**Task statement**
Leaving the pictures aside, repeat every line below exactly.

**Data block**
+--
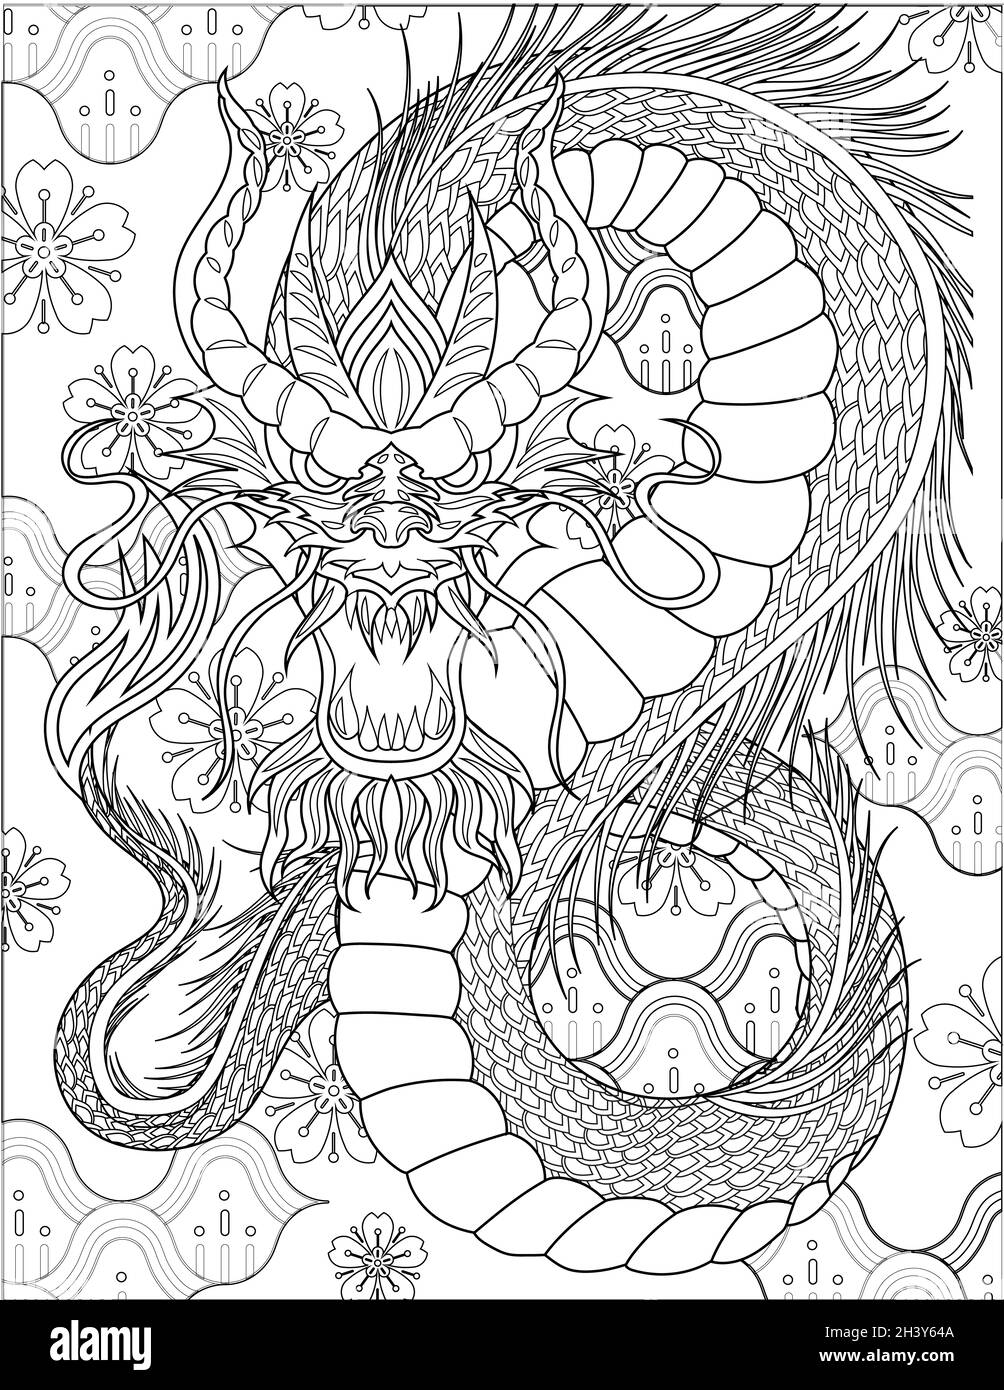 Angry Dragon Facing Front With Long Body And Horns Colorless Line Drawing. Mythical Drake Beast Forward Looking Colorless Line D Stock Photo
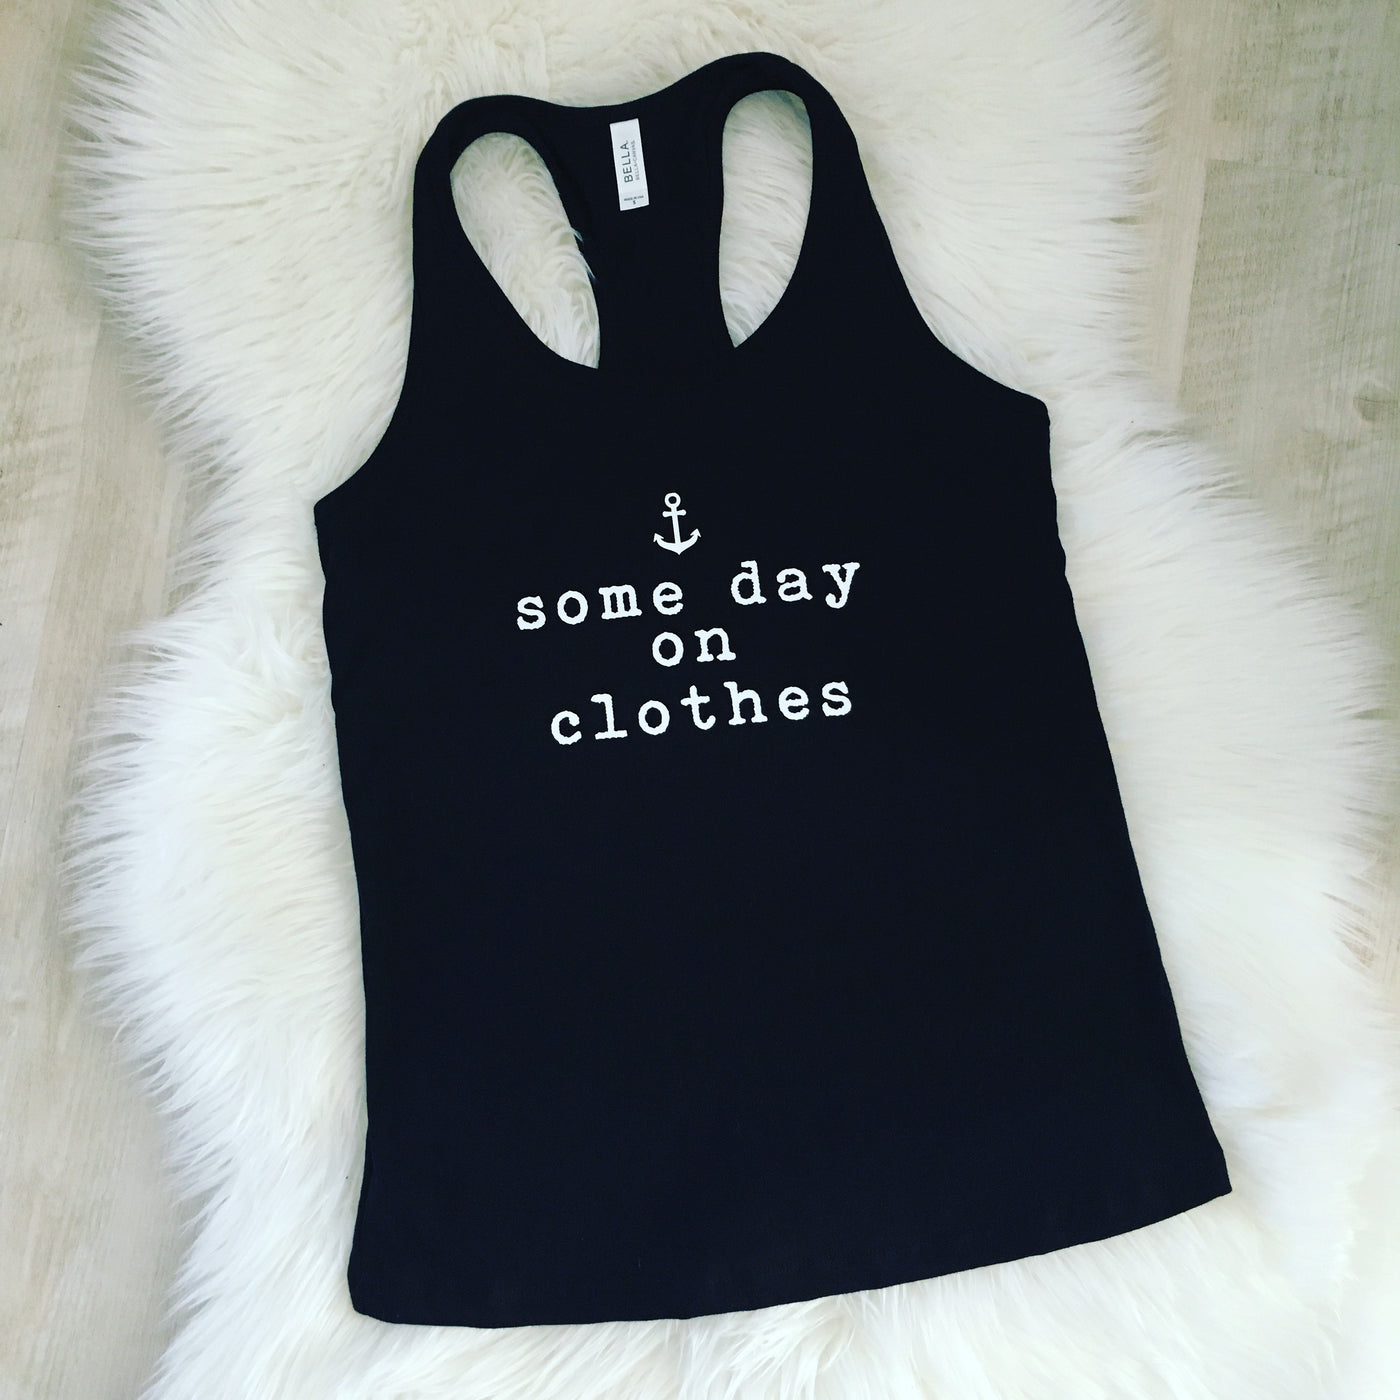 "Some Day on Clothes" Ladies' Tank Top
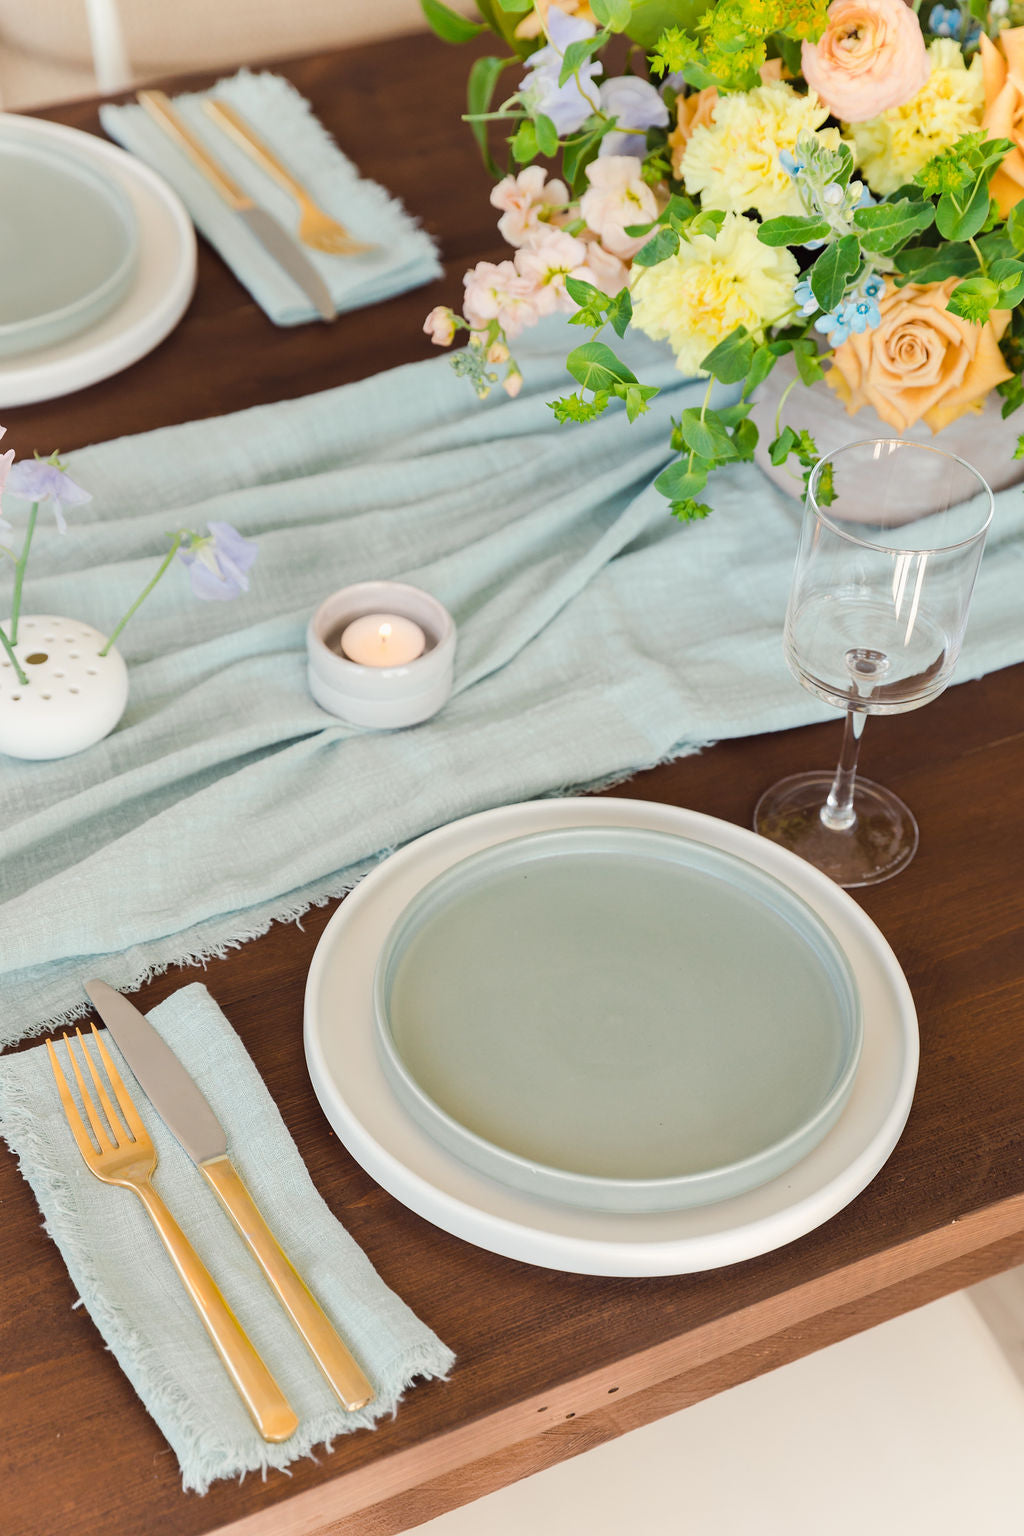 Hosting Your First Dinner Party? Here’s What You Need to Know
+--
**Solution to this exercise**
 Angry Dragon Facing Front With Long Body And Horns Colorless Line Drawing. Mythical Drake Beast Forward Looking Colorless Line D Stock Photo
 "Some Day on Clothes" Ladies' Tank Top
 Hosting Your First Dinner Party? Here’s What You Need to Know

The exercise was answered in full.